Trigger construction (all three must hold on the same tick):
1. len(self._anchor_error_window) == self._anchor_error_window.maxlen
# i.e. cfg.lookback_ticks (default 25) real values populated —
# None-valued ticks skipped, not zero-filled
2. abs(mean(window)) >= cfg.bias_threshold_bps # default 7.0
3. prevalence_pct >= cfg.prevalence_pct # default 40.0
# where prevalence_count = #{|x| > cfg.prevalence_threshold_bps (5.0)}
On trigger (current, post-FLAG-042/044):
That call does FOUR things today:
- bumps degraded_recovery.anchor.episode_count
- on episode_count >= cap (default 3) → HALT with
HALT_REASON_DEGRADED_EPISODE_LIMIT (degraded_episode_limit_halt)
- on episode_count > 1 arms degraded_recovery.anchor.cooldown_ticks_remaining
- sets KEY_MODE=MODE_DEGRADED, KEY_DEGRADED_SINCE, KEY_DEGRADED_REASON,
cancels all live orders (_cancel_all_live_orders), logs WARN
Data flowing into the decision:
- self._anchor_error_window: deque[float] — filled per tick from
last_anchor_divergence_bps (strategy's anchor-vs-mid deflection).
- cfg = self._config.anchor_saturation_guard — the frozen dataclass.
- Session one-shot: self._anchor_guard_triggered_this_session: bool
(belt-and-braces so the persistence + WARN log block fires exactly
once per session; FLAG-042 C3 already resets this when anchor
recovery exits DEGRADED).
Tick order of operations (Step 8.x in _tick):
- Step 8.4 — _evaluate_anchor_recovery() (FLAG-042 C3) runs FIRST
- Step 8.5 — _evaluate_anchor_saturation_guard() runs SECOND
This ordering means a tick that recovers out of DEGRADED can be re-evaluated by the guard in the same tick (the FLAG-044 immediate-re-entry pathway). For ANCHOR_IDLE the same ordering applies — the ANCHOR_IDLE exit evaluator runs before the guard at Step 8.5, so a tick that normalizes into ACTIVE can still re-enter ANCHOR_IDLE immediately if the exit was spurious.

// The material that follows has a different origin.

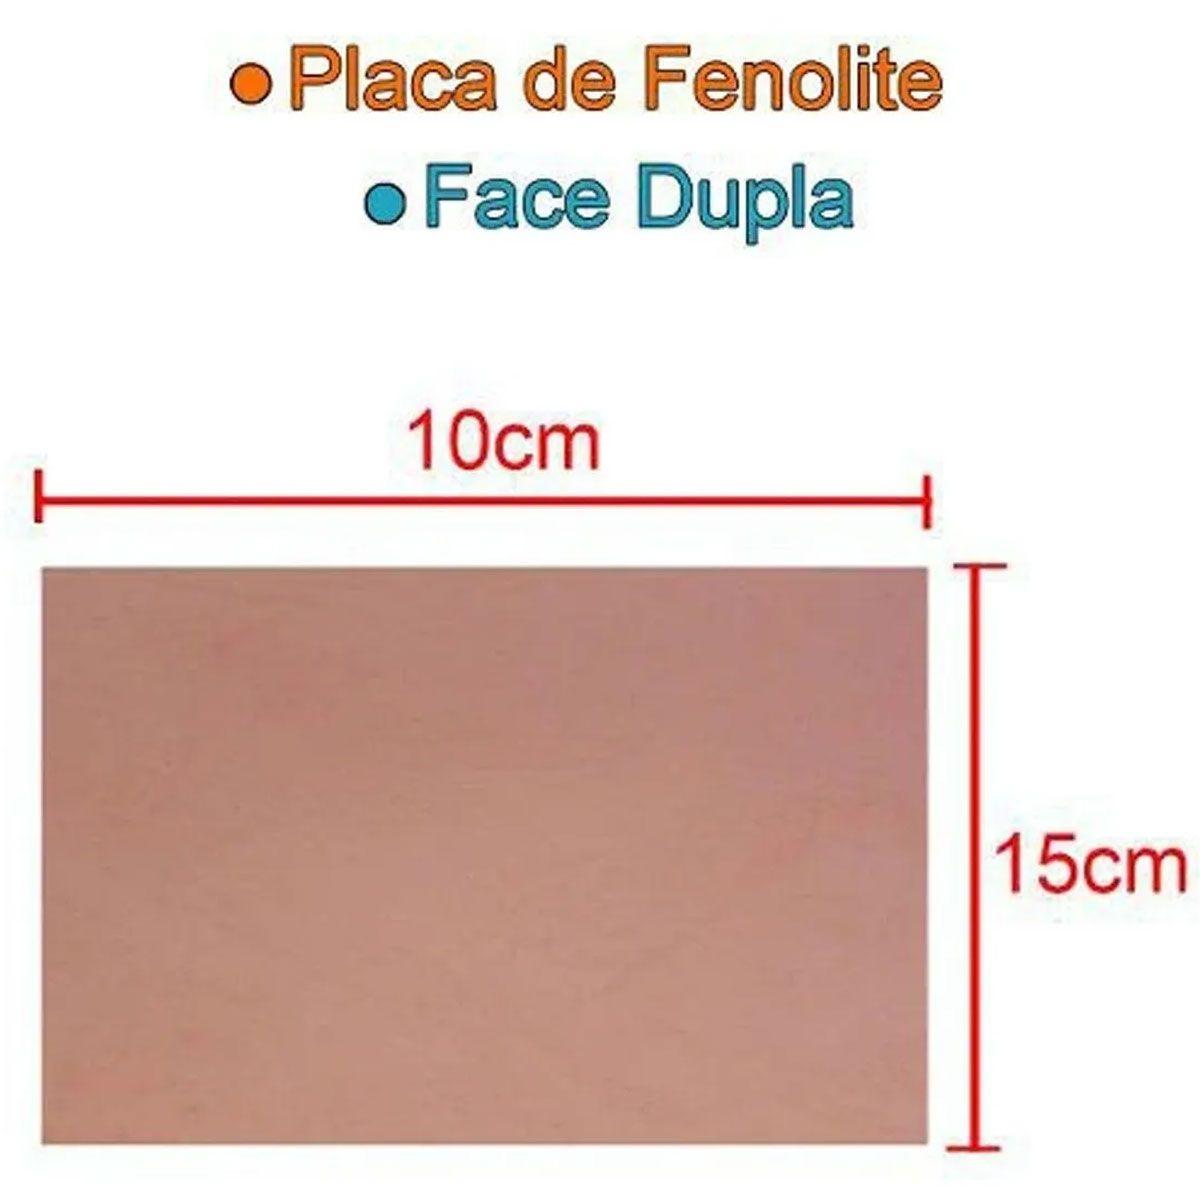 Placa de Fenolite Dupla Face 10x15cm para Circuito Impresso - PCI

Only ONE call site for anchor. Verified via grep — the anchor
string anchor_saturation appears in other spots (docstrings, log
tokens, KEY_DEGRADED_REASON reads) but the only place
_enter_degraded_mode(..., source=SOURCE_ANCHOR) is called is inside
_evaluate_anchor_saturation_guard. Nothing outside the guard's own
evaluator triggers anchor DEGRADED today; the conversion to
ANCHOR_IDLE is strictly local.
Q2 — Exit threshold parameters — can ANCHOR_IDLE reuse FLAG-042?¶
Yes, cleanly. AnchorSaturationGuardConfig already carries the
exact hysteresis fields Atlas specified. Current config (post-FLAG-042
C1, per the live-stage-1 YAML):
@dataclass(frozen=True)
class AnchorSaturationGuardConfig:
enabled: bool = True
lookback_ticks: int = 25
bias_threshold_bps: float = 7.0 # entry
prevalence_threshold_bps: float = 5.0 # entry
prevalence_pct: float = 40.0 # entry
recovery_enabled: bool = True # existing
recovery_exit_bias_threshold_bps: float = 4.0 # exit — matches Atlas's 4 bps
recovery_exit_prevalence_pct: float = 30.0 # exit — matches Atlas's 30%
recovery_stability_ticks: int = 30 # exit — matches Atlas's "N consecutive ticks"

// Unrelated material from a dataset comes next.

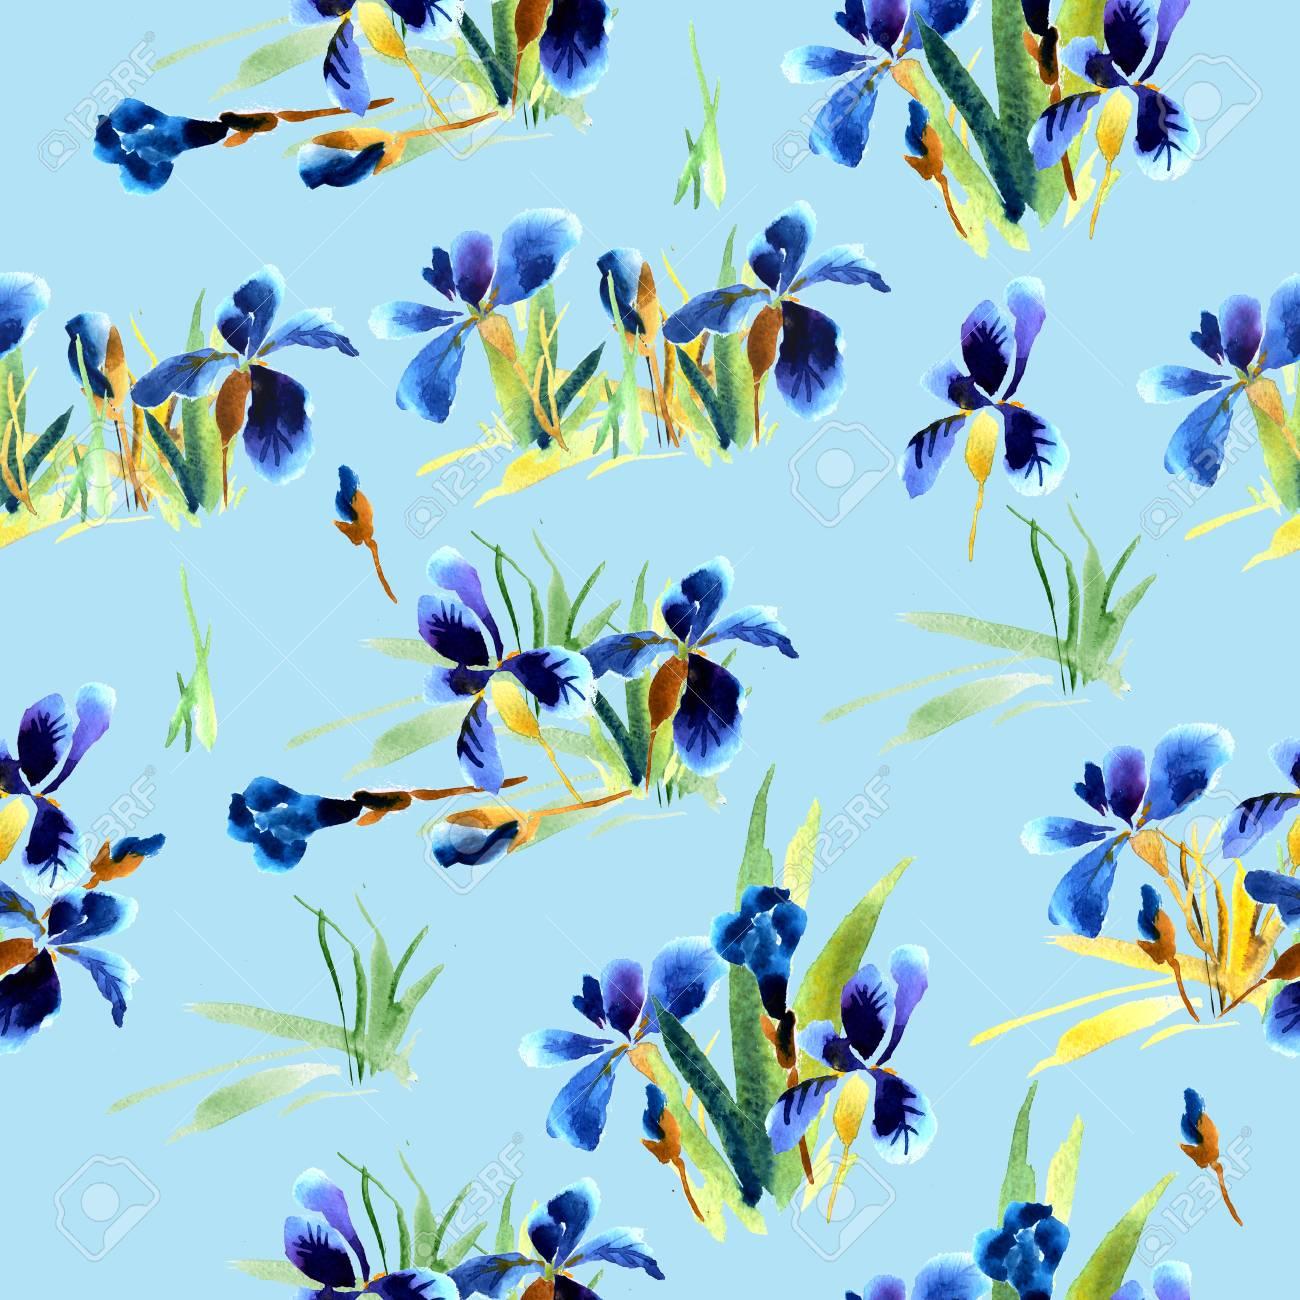 Patron Floral Con Flores Y Hojas De Iris Azul Acuarela De La Mano

No new config parameters needed. The three recovery_exit_* fields
are already validated (FLAG-042 invariant check — exit strictly tighter
than entry) and already wired through to the live-stage-1 YAML.
Semantic rename decision: these fields currently document as
"DEGRADED recovery thresholds" for anchor. Under the new model they
govern ANCHOR_IDLE exit (the regime-pause exit), which is semantically
the same operation on the same data window but through a new state
transition. Recommendation: keep the field names (no YAML churn,
no migration), update docstrings to say "ANCHOR_IDLE exit thresholds"
with a "formerly FLAG-042 DEGRADED recovery for anchor source" note.
The recovery_enabled field stays — gating ANCHOR_IDLE's exit
machinery is useful for regression debugging exactly as it was for the
old anchor recovery.
Alternative considered + rejected: rename to
anchor_idle_exit_*. Tempting for clarity, but it's a YAML-breaking
change against live-stage-1 and the meaning is identical. Not worth
the operator churn.
Q3 — State representation¶
Current DEGRADED tracking (3 keys + 1 process cache):
engine_state keys (SQLite-persisted):
inventory_truth.mode KEY_MODE
values: MODE_OK | MODE_DEGRADED | MODE_HALT (imported from state_manager)
inventory_truth.degraded_since KEY_DEGRADED_SINCE (ISO timestamp)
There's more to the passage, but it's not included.